● **Records to process**:
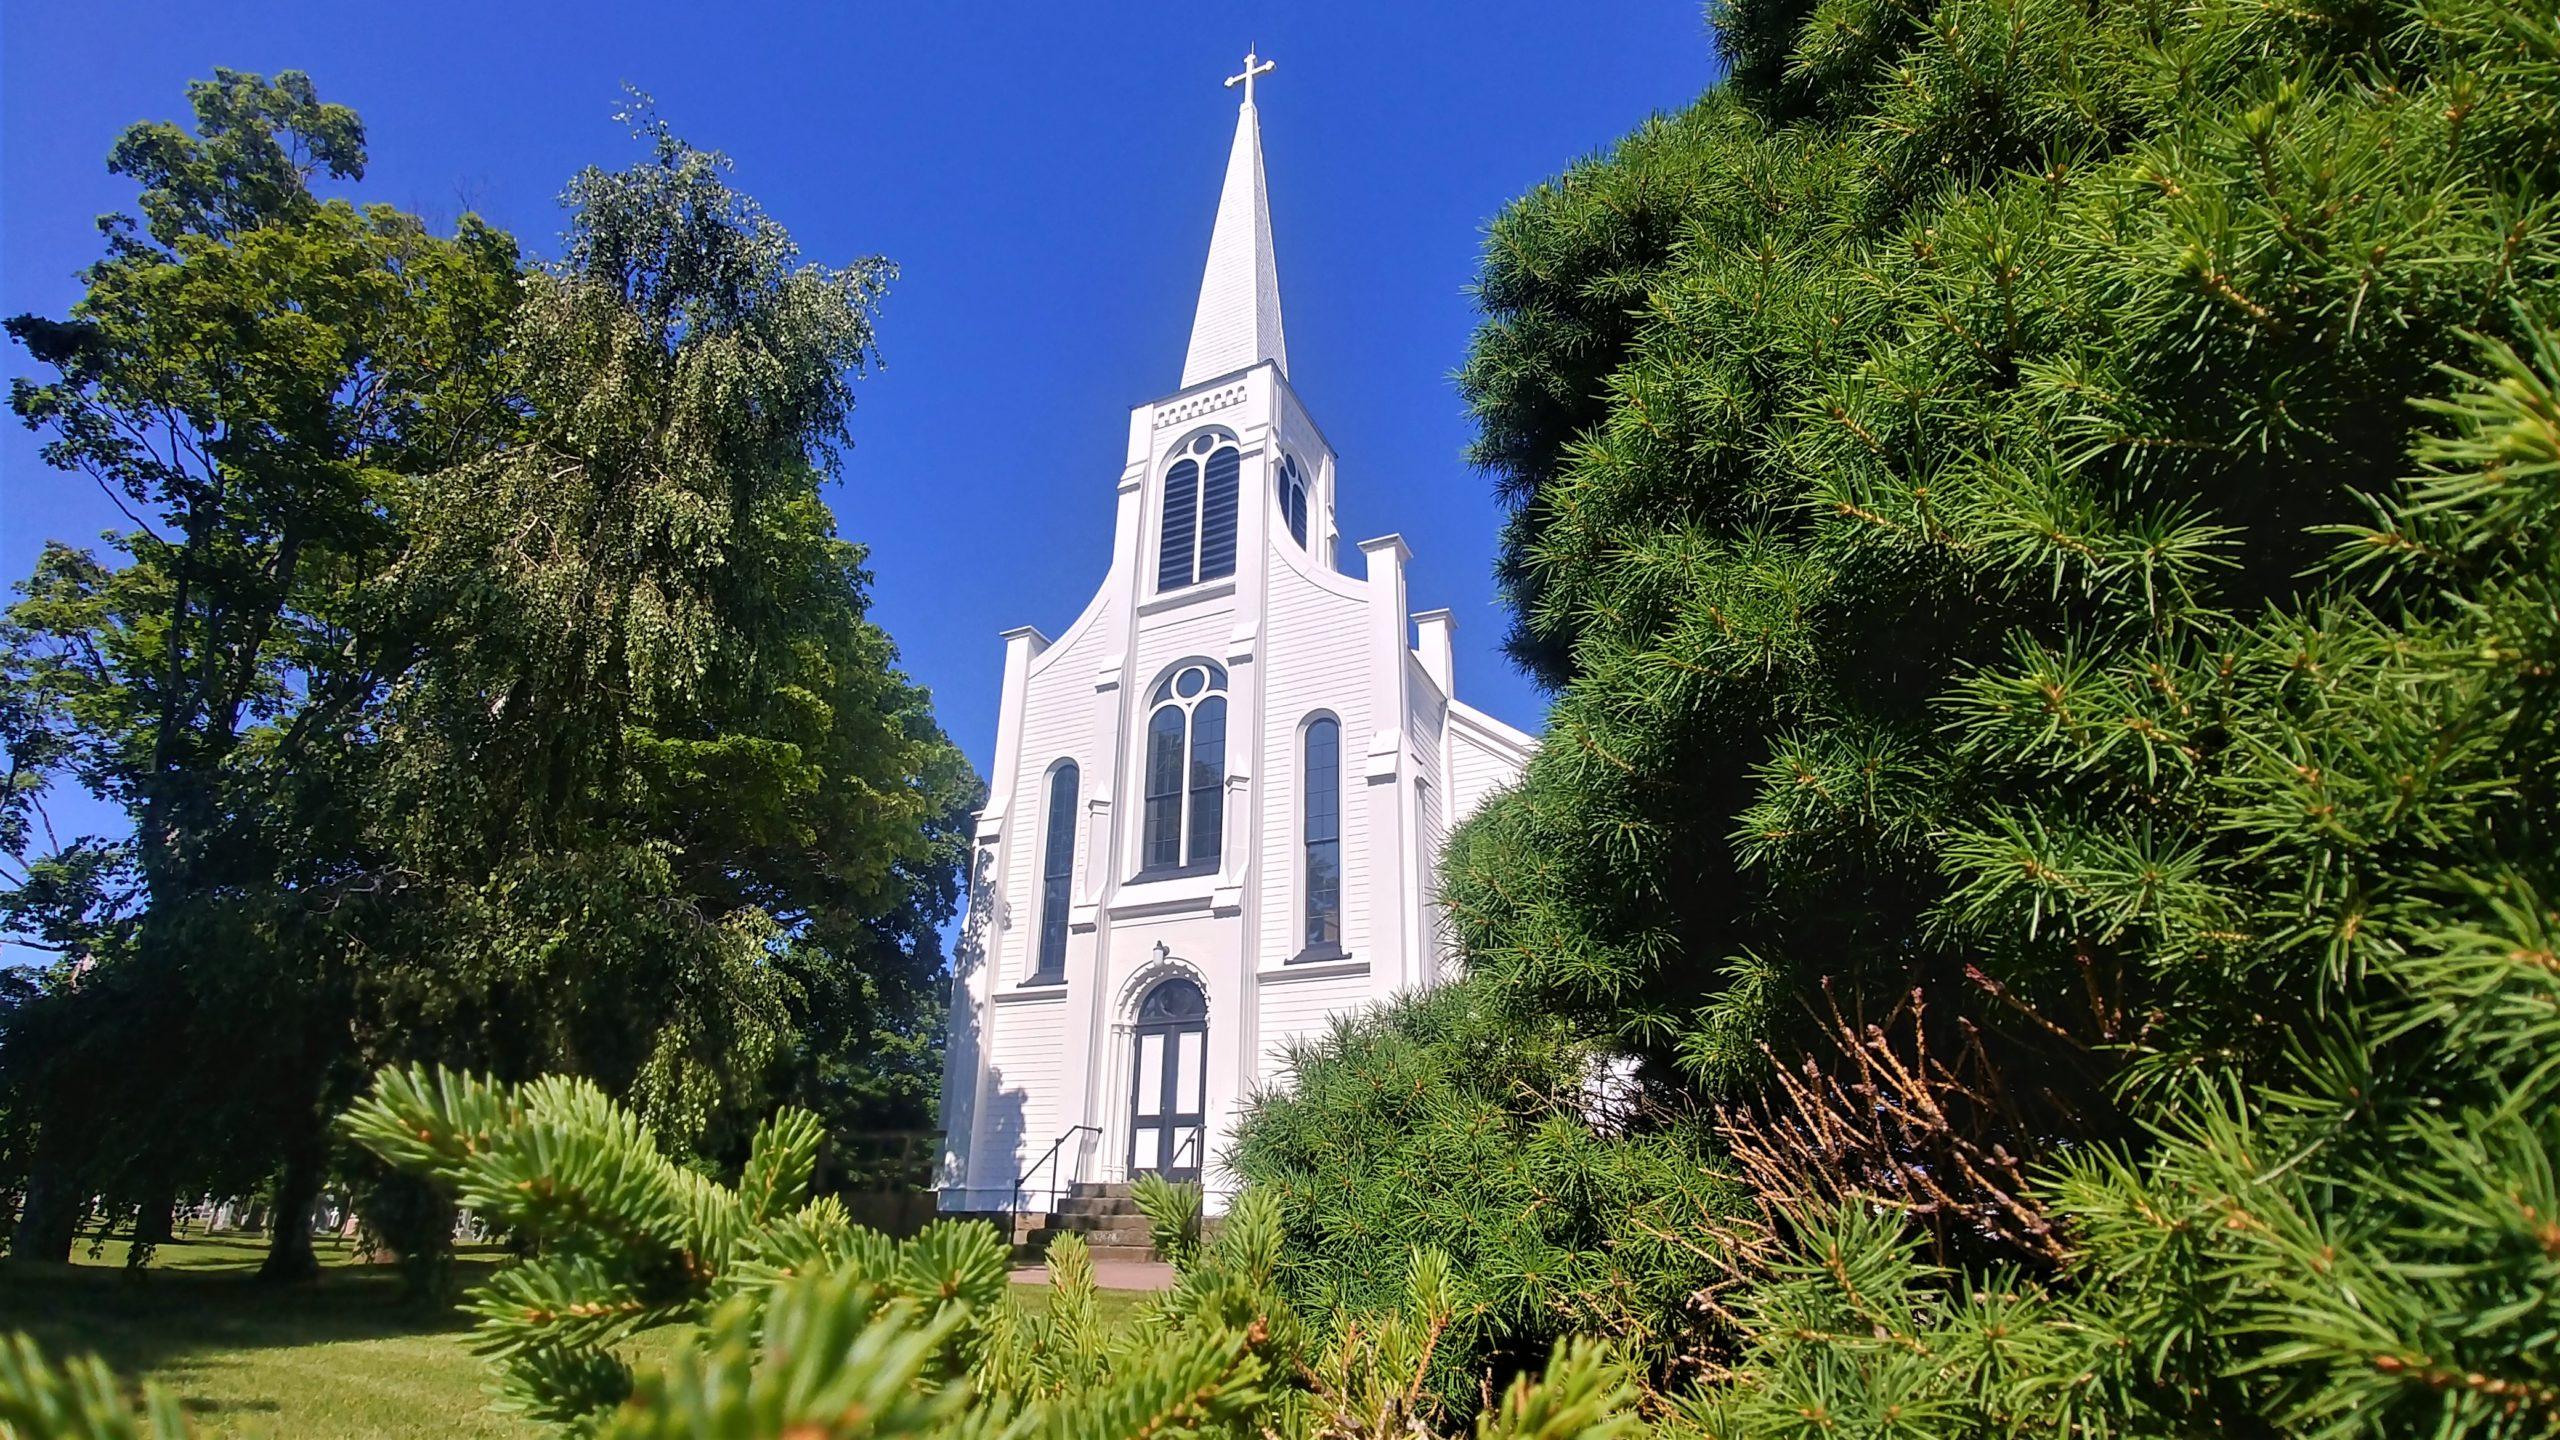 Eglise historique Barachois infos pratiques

==

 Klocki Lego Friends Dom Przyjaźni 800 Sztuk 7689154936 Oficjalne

---

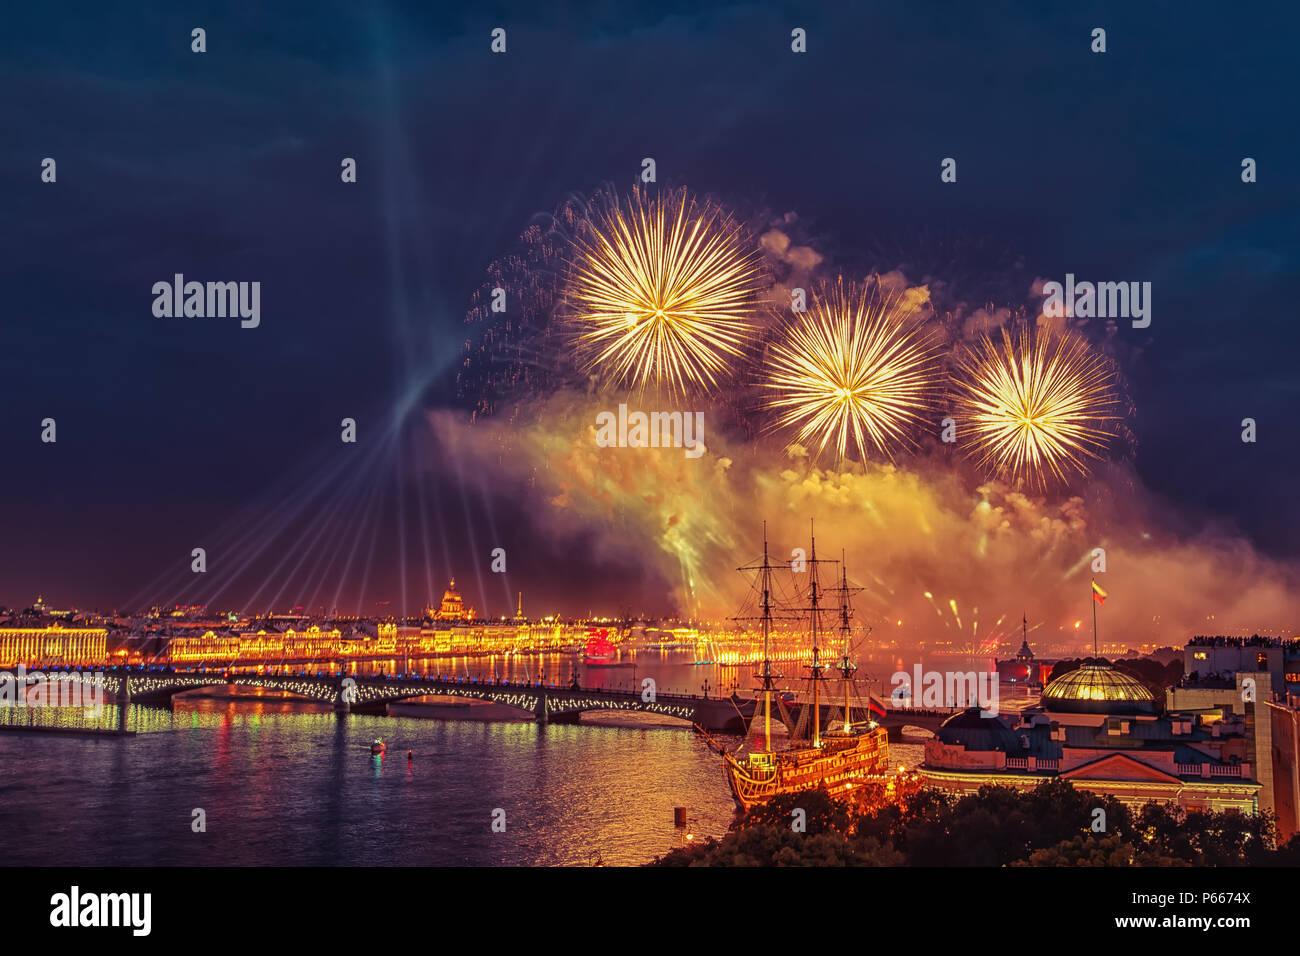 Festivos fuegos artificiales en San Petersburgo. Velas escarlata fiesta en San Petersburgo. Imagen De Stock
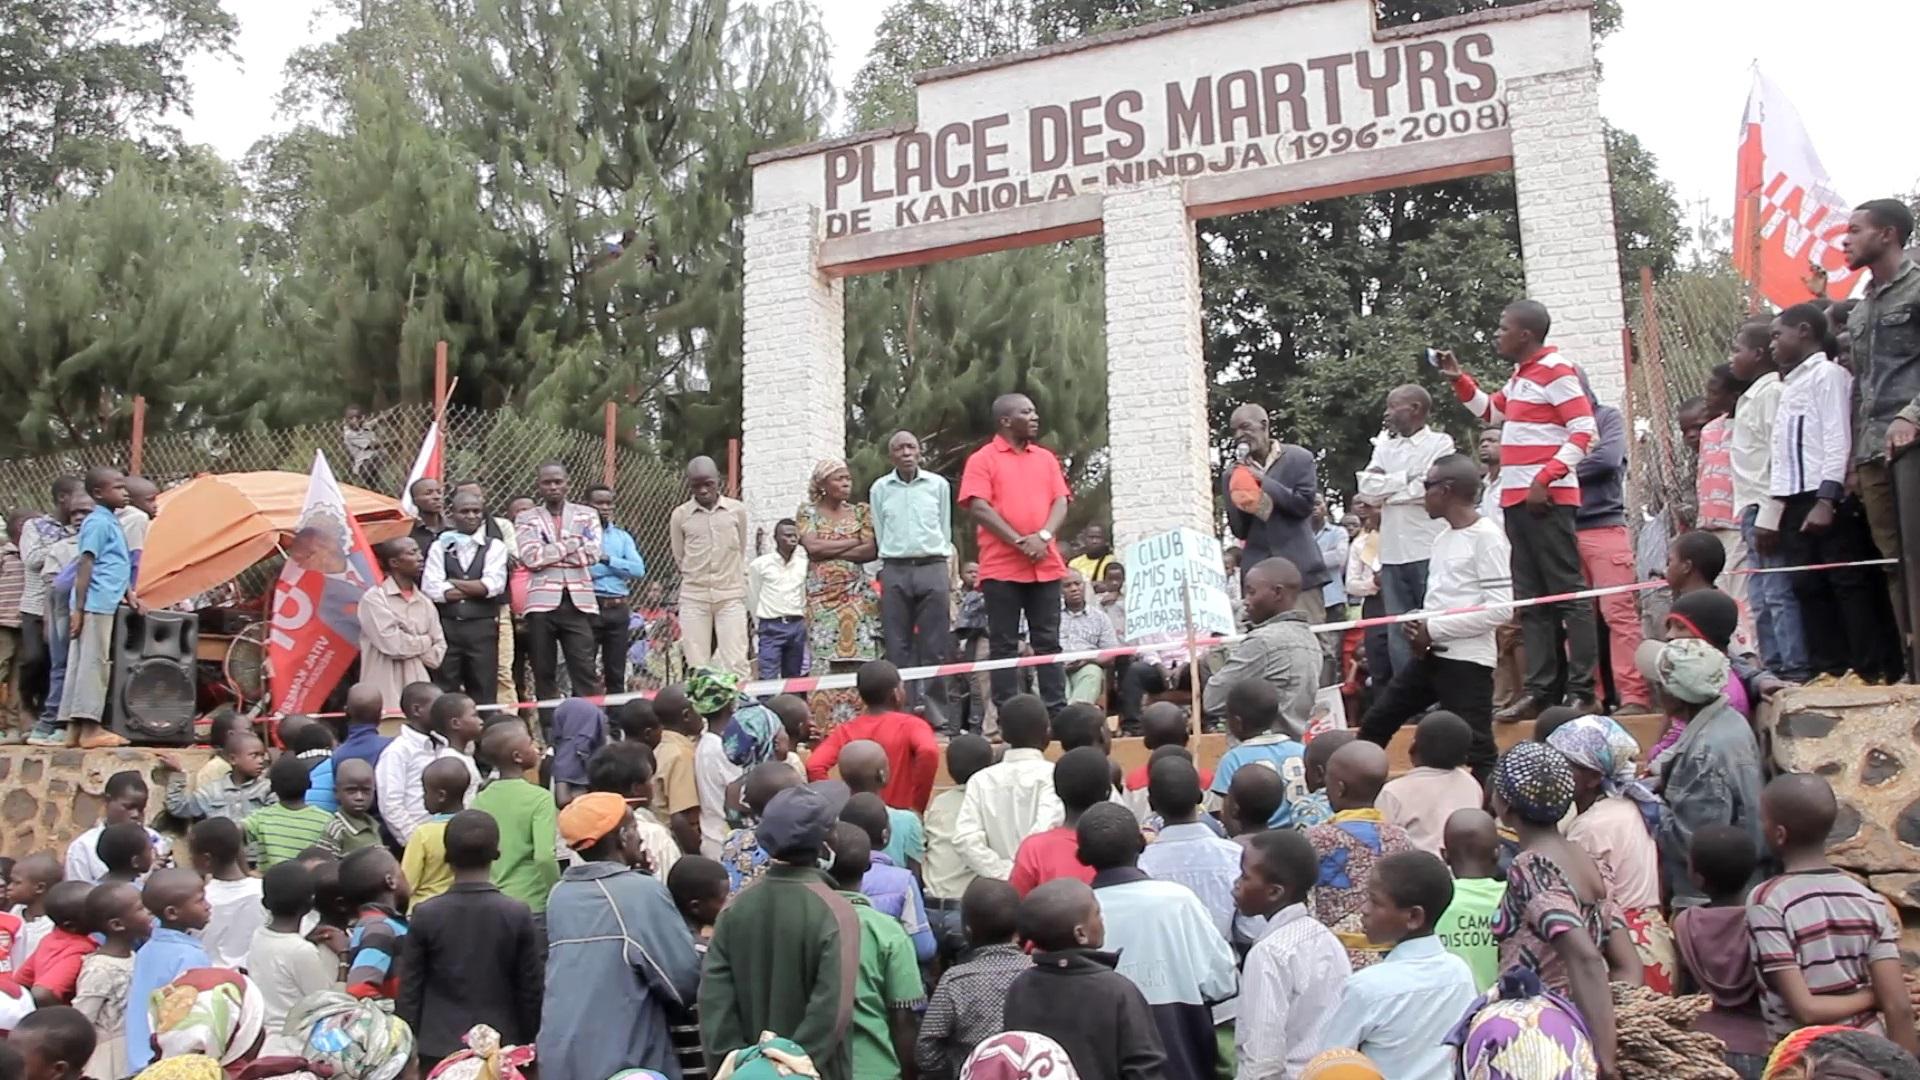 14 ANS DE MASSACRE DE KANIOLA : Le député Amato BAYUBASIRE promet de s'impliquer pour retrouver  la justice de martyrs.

● **Exercise directions**: Nothing outside the stretch above, from the line with "Festivos fuegos artificiales" through the line with "14 ANS DE MASSACRE", is set down. Transcribe that stretch exactly, ends included, but not its pictures.

● **Response below**:
 Festivos fuegos artificiales en San Petersburgo. Velas escarlata fiesta en San Petersburgo. Imagen De Stock
 14 ANS DE MASSACRE DE KANIOLA : Le député Amato BAYUBASIRE promet de s'impliquer pour retrouver  la justice de martyrs.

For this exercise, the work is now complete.